I felt with Lee I wasn’t teaching the class, but rather learning with the class. In a way, we were all students of Lee.
And I must add it was Lee in his declarative mode who dominated the grading, I never liked giving out grades, thinking the students when graduated will be graded soon enough. He felt grades were appropriate.
Yes, Lee was judgmental, albeit in a soft voice that was sugar to his sometimes sharp reviews. This no doubt influenced me when I went into the next life to be a critic.
I especially liked it when class reviews were held in his office atop of the Plaza Hotel, in the former maids quarters, where he roosted for awhile, having been the architect for the hotel’s rehabilitation. (Yes, he had opinions about working for Donnie back then, which we shared since my Dad was the Trump interior decorator. But I have no more to say on that. We have enough sadness at present dealing with Lee’s death.)
I will say the Plaza was more pleasant than the ex Chevy facility on 133rd and Broadway.
Even after moving to LA. I enjoyed, staying in the illegal office bedroom, which gave me another reason to stay in touch with Lee, and to dine out on occasion with the wives.
For the record, the bill always was scrupulously split, with Lee, of course, doing the math, which I never questioned. I doubt anybody ever did.

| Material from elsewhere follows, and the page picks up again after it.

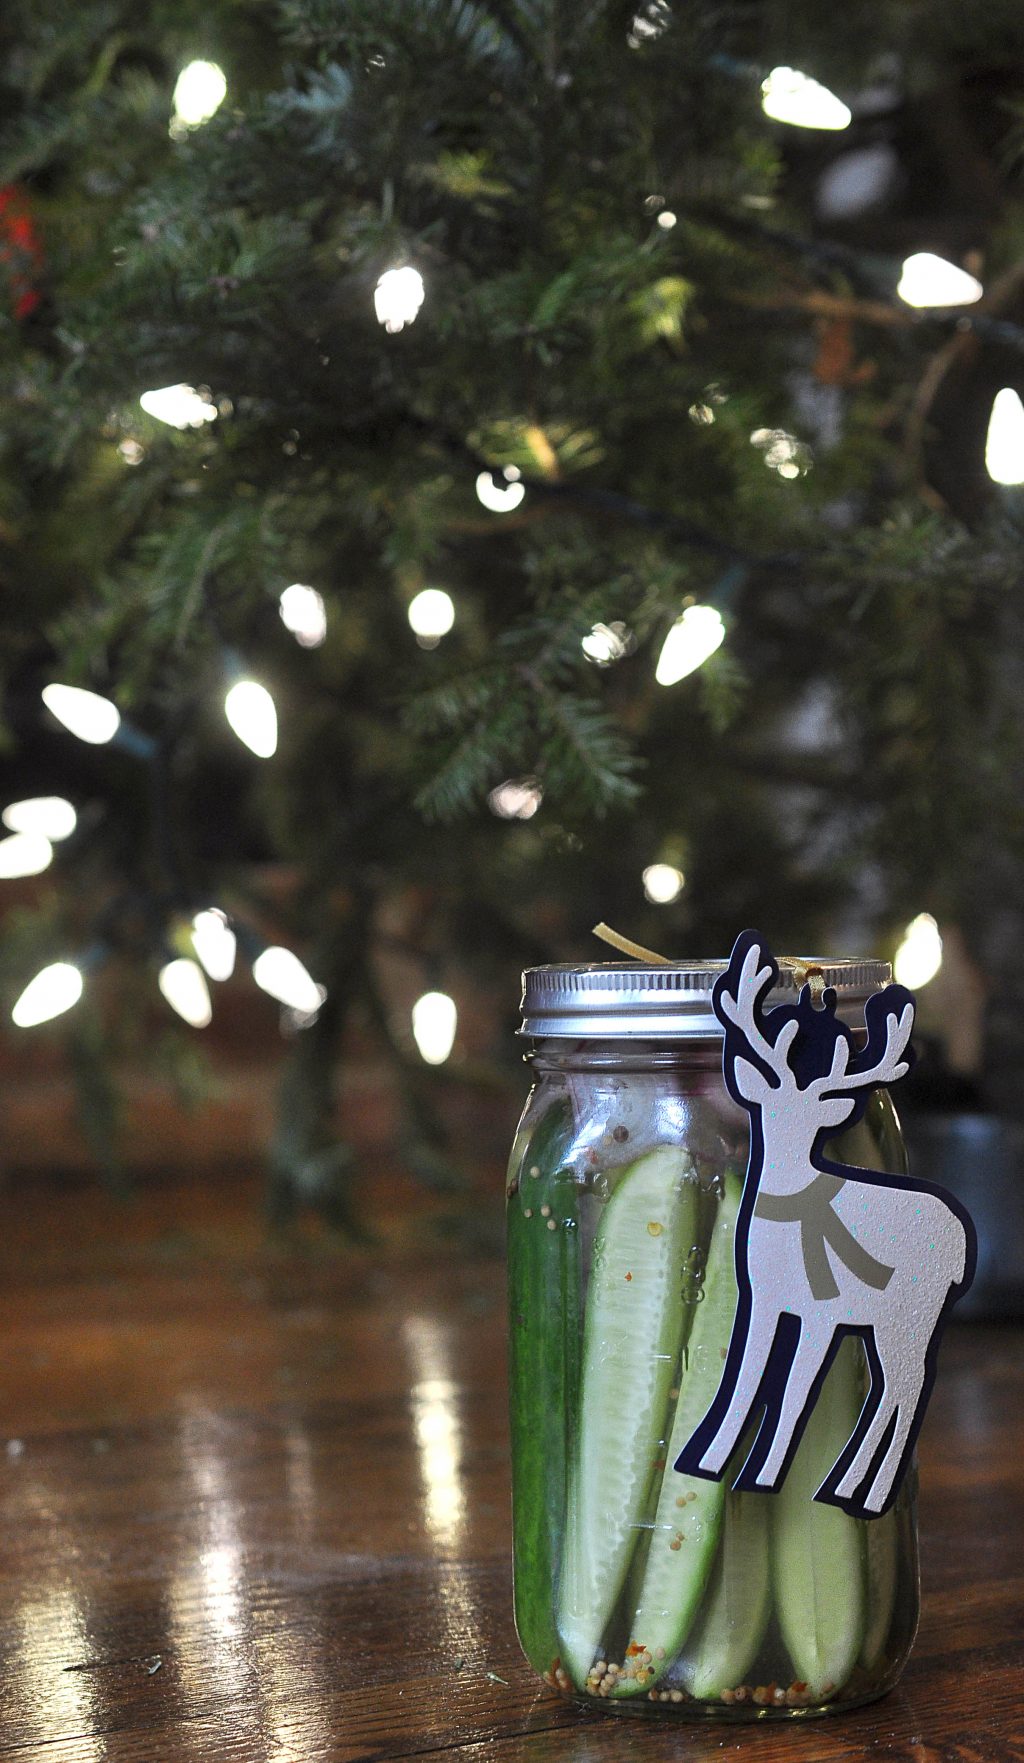 jar of pickles under the Xmas tree

And when the office was downtown, I loved it being above the culinary institute. I know he certainly did. Having lunch there with Lee, at his table, is a fond memory, even after we both went on diets.
For a Brooklyn born, Brooklyn Tech grad, subway commuter, street savvy New Yorker, he was exceptionally soft spoken and kind, to students as well as waiters, and also tolerant to colleagues, even the nasty ones who envied his success.
He even had a kind word for the bureaucrats here, and especially in India, who held up the design process, and worse, payments.
And he cared, not just for the clients. In particular, I remember him struggling with me of how should the 10,000 feral waifs living in the tunnels of the Calcutta train station be accommodated during the station’s reconstruction the office was planning.
It is a problem we never solved, like others Lee struggled with, in a life too short.
And I thought he was going to be immortal, like me, until, of course, we are not.”